Mean Testing Known Variance

In the example above, our test statistic is $S = \frac{\bar{X} - \mu_0}{\sigma/\sqrt{n}}$. The $p$-value of this statistic is $\prob(\vert Z \vert > \vert S \vert )$.

One-sided Test

What happens when we reject the null hypothesis ($\mu = \mu_0$) only when $\mu$ is greater than $\mu_0$? That is, what happens when the alternative hypothesis to $H_0: \mu = \mu_0$ is $H_1 : \mu > \mu_0$? Clearly, in this case we would not want to reject $H_0$ when $\bar{X}$ is small (since a small $\bar{X}$ is more likely when $H_0$ is true than when $H_1$ is true). Thus, we should reject $H_0$ when $\bar{X}$, the point estimate of $\mu$, is much greater than $\mu_0$. That is, the critical region should be of the following form:

\[C = \big\{(X_1, \dots, X_n): \bar{X} - \mu_0 > c \big\}\]

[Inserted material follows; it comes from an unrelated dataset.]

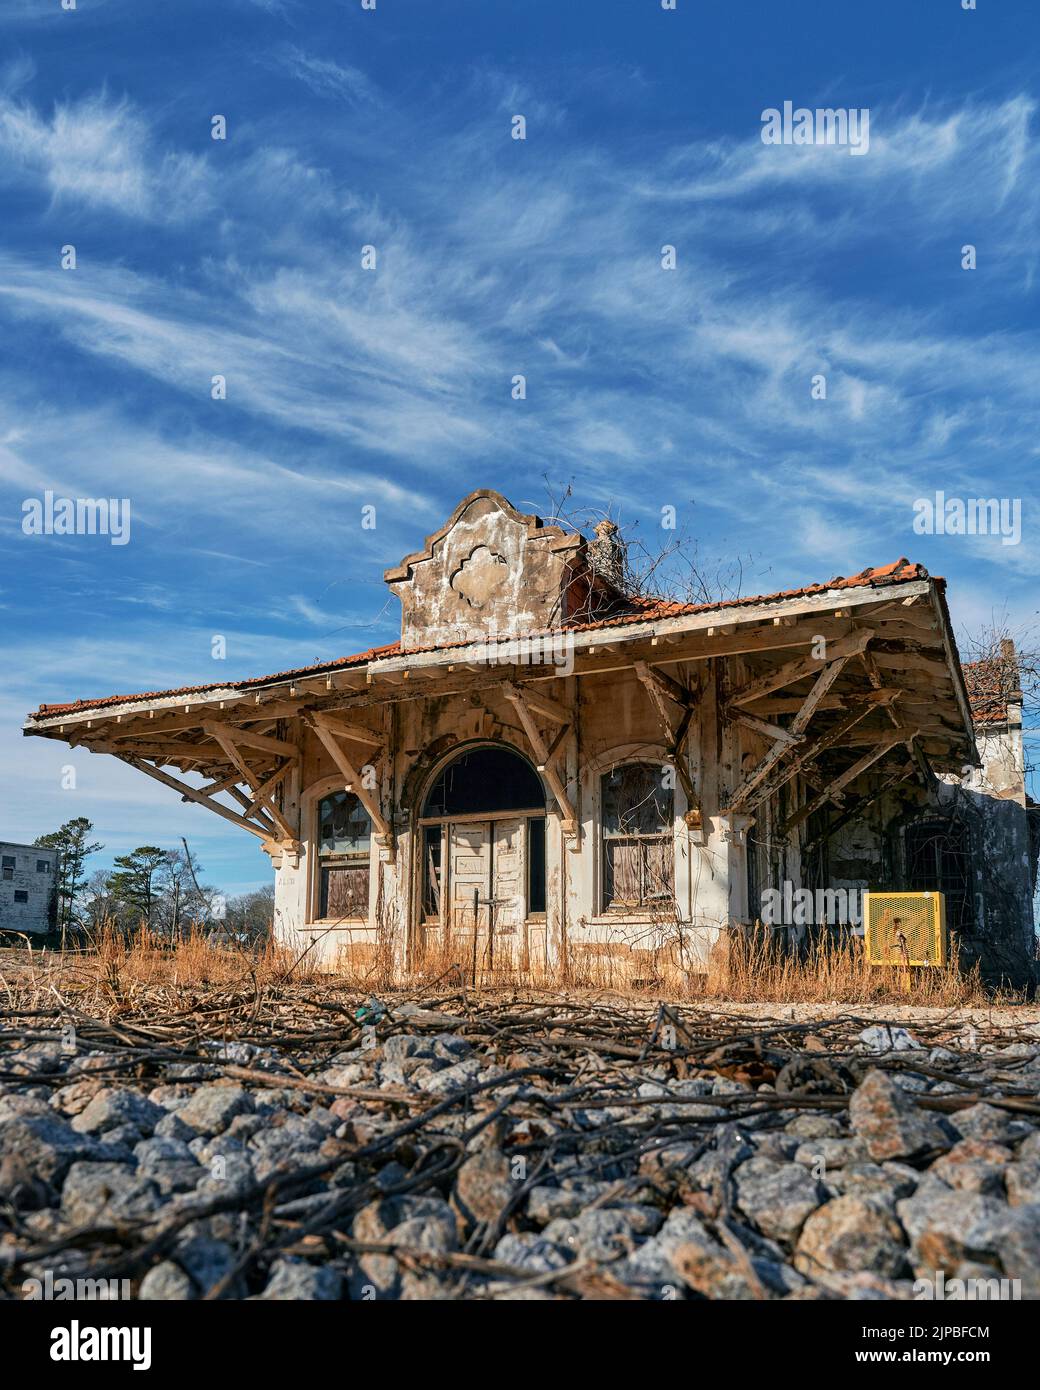 Wadley Alabama, EE.UU., estación de tren de época, una misión de la arquitectura de la estación de tren ahora está abandonado. Foto de stock

Since the probability of rejection should equal $\alpha$ when $H_0$ is true

\[\begin{align} &\prob_{\mu_0}\bigg\{ \bar{X} - \mu_0 > c \bigg\} = \alpha \\ \implies &\prob(Z > \frac{c\sqrt{n}}{\sigma}) = \alpha \\ \implies &\frac{c\sqrt{n}}{\sigma} = z_{\alpha} & \text{as } \prob(Z > z_\alpha) = \alpha \\ \implies & c = \frac{z_\alpha \sigma}{\sqrt{n}} \end{align}\]

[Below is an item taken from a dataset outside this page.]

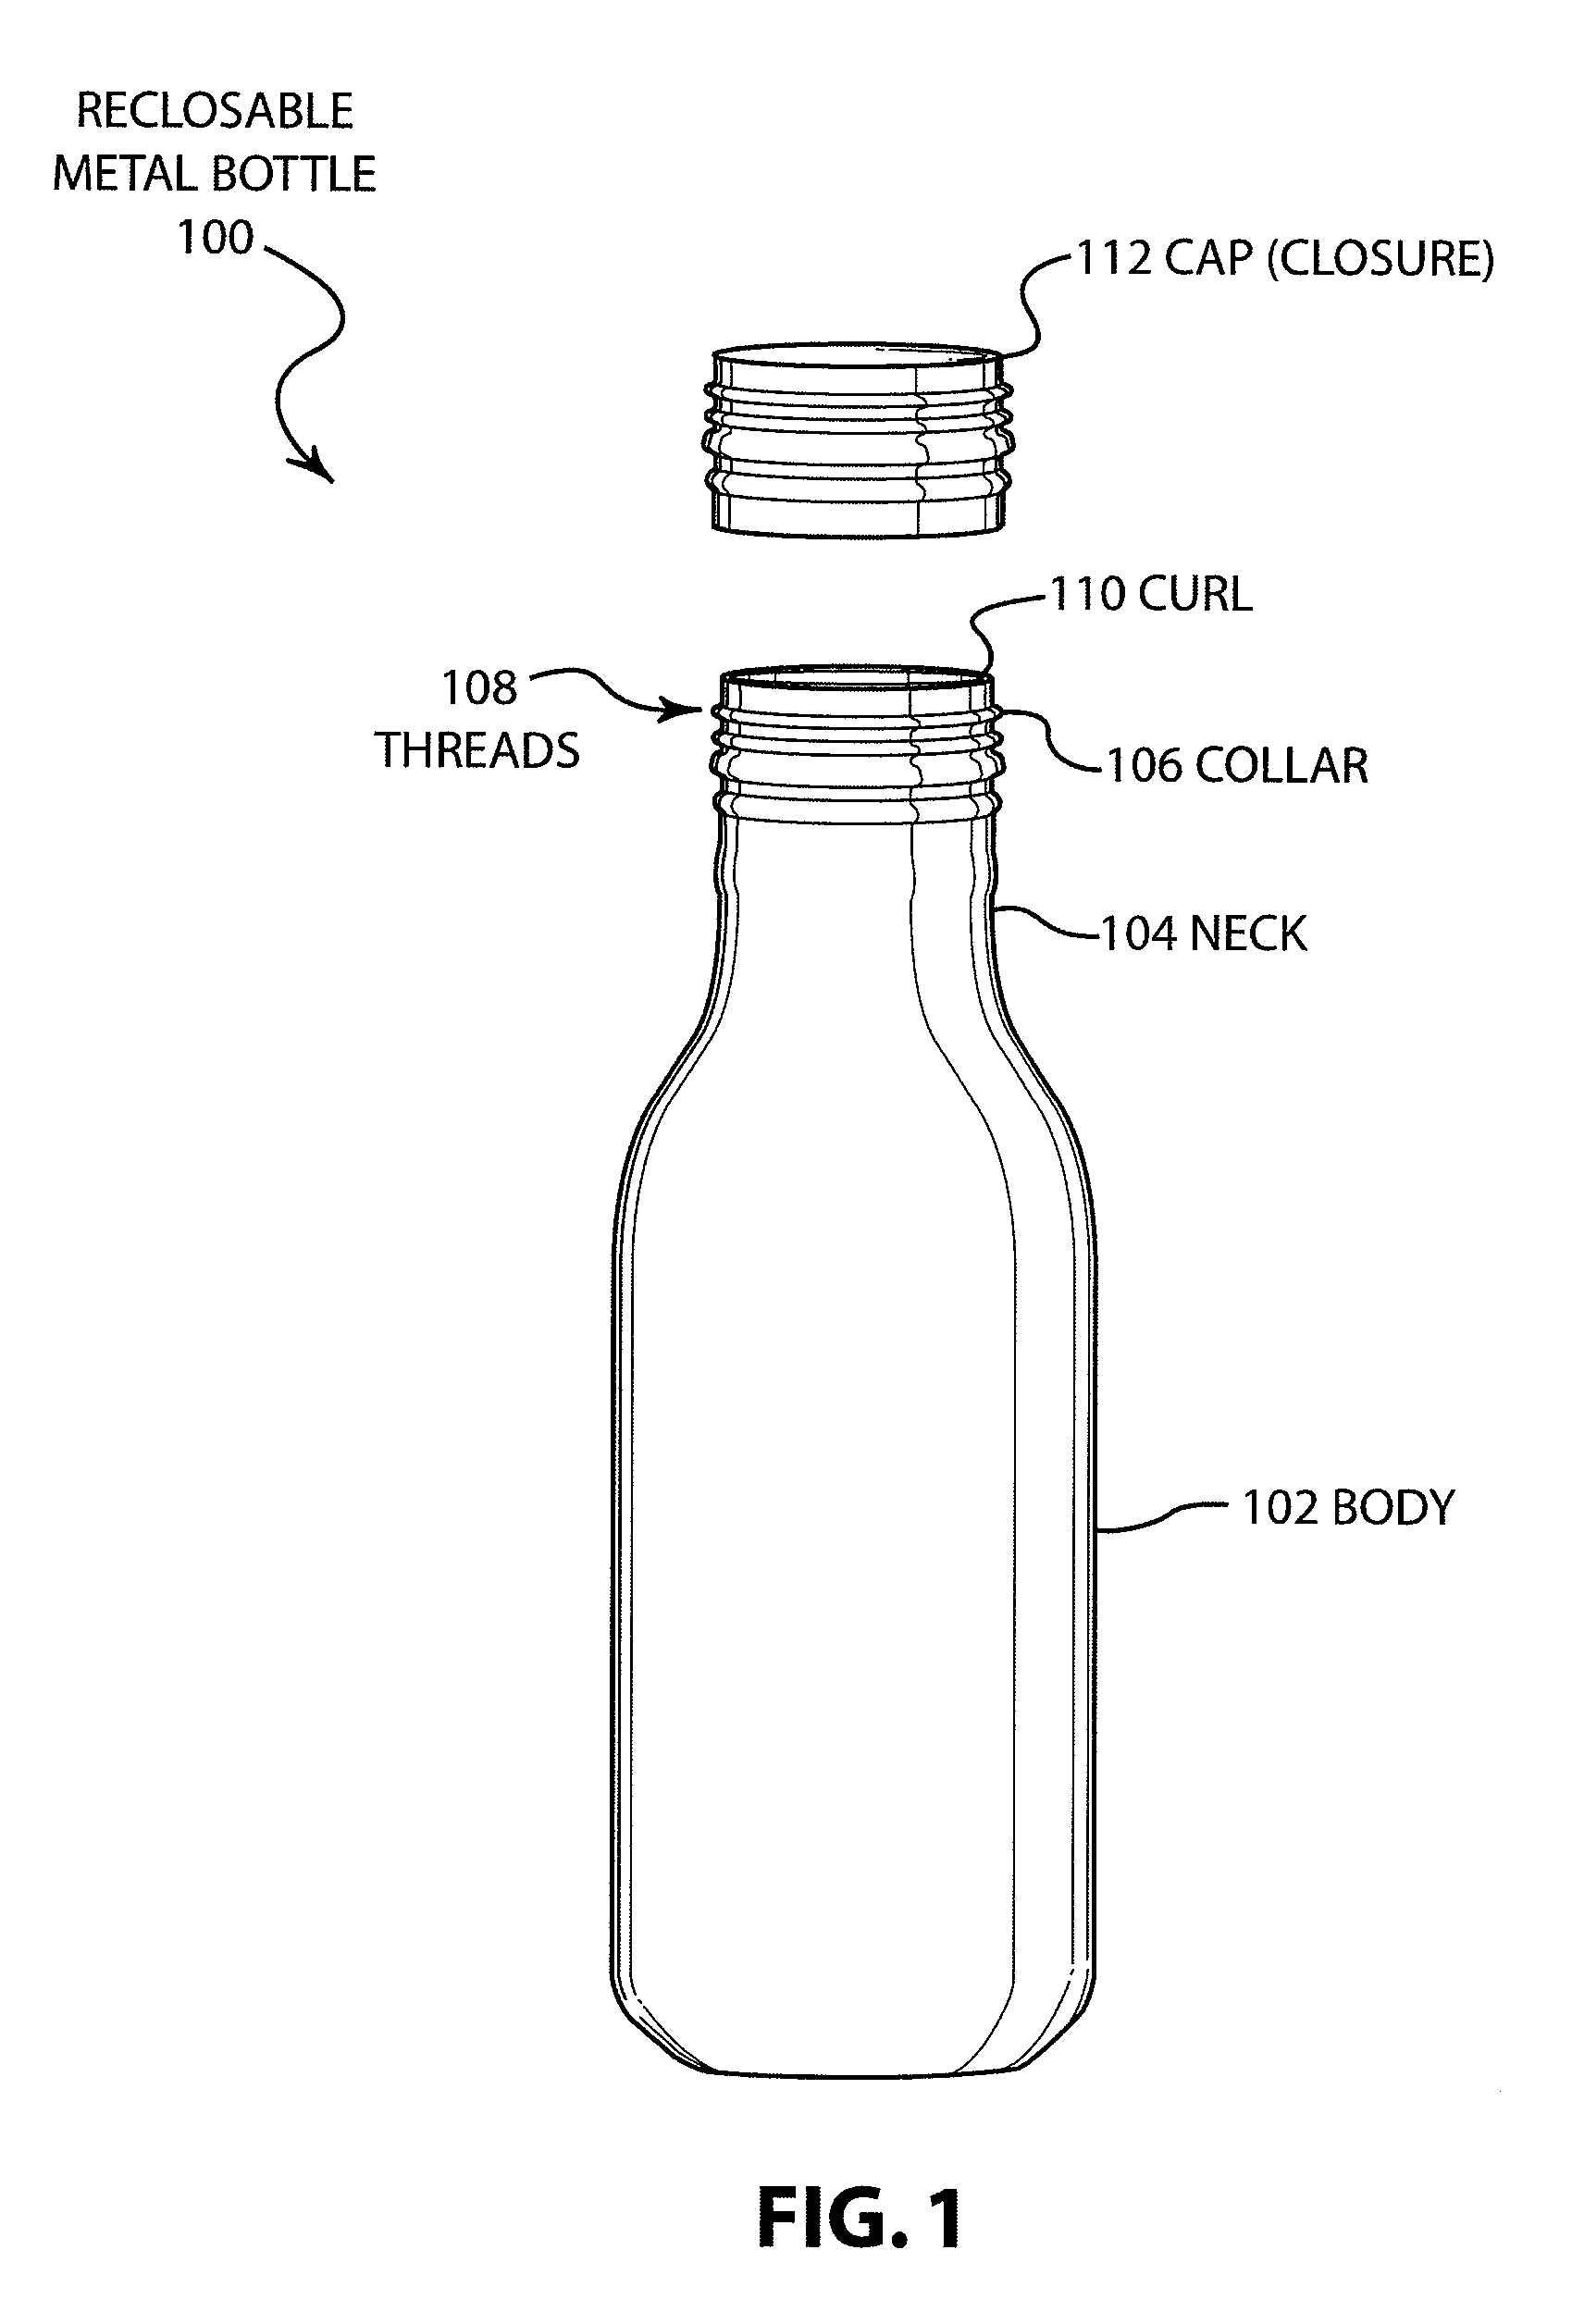 Reclosable metal bottle

To compute the $p$-value in the one-sided test, we first use the data to determine the value of the statistic. The $p$-value is then equal to the probability that a standard normal would be at least as large as this value.

Unknown Variance: The $t$-test

Up to now we have supposed that the only unknown parameter of the normal population distribution is its mean. However, the more common situation is one where the mean $\mu$ and variance $\sigma^2$ are both unknown. Consider a test of $H_0: \mu = \mu_0$ versus the alternative $H_1: \mu \neq \mu_0$. It should be noted that the null hypothesis is not a simple hypothesis since it does not specify the value of $\sigma^2$.

As before, it seems reasonable to reject $H_0$ when the sample mean $X$ is far from $\mu_0$. However, how far away it need be to justify rejection will depend on the variance $\sigma^2$. Now when $\sigma^2$ is no longer known, it seems reasonable to estimate it by

\[S^2 = \frac{\sum_i(X_i - \bar{X})^2}{n-1}\]

and then to reject $H_0$ when

\[\left\vert \frac{\bar{X} - \mu_0}{S/\sqrt{n}} \right\vert\]

is large. To determine how large the statistic needs to be for rejection, in order that the resulting test have significance level $\alpha$, we must determine the probability distribution of this statistic when $H_0$ is true. We know that the statistic $T$, defined by

\[T = \frac{\bar{X} - \mu_0}{S/\sqrt{n}}\]

follows a t-distribution with $n-1$ degrees of freedom. Hence,

\[\prob_{\mu_0}\bigg\{ \left\vert \frac{\bar{X} - \mu_0}{S/\sqrt{n}} \right\vert \geq t_{\alpha/2, n-1} = \alpha \bigg\}\]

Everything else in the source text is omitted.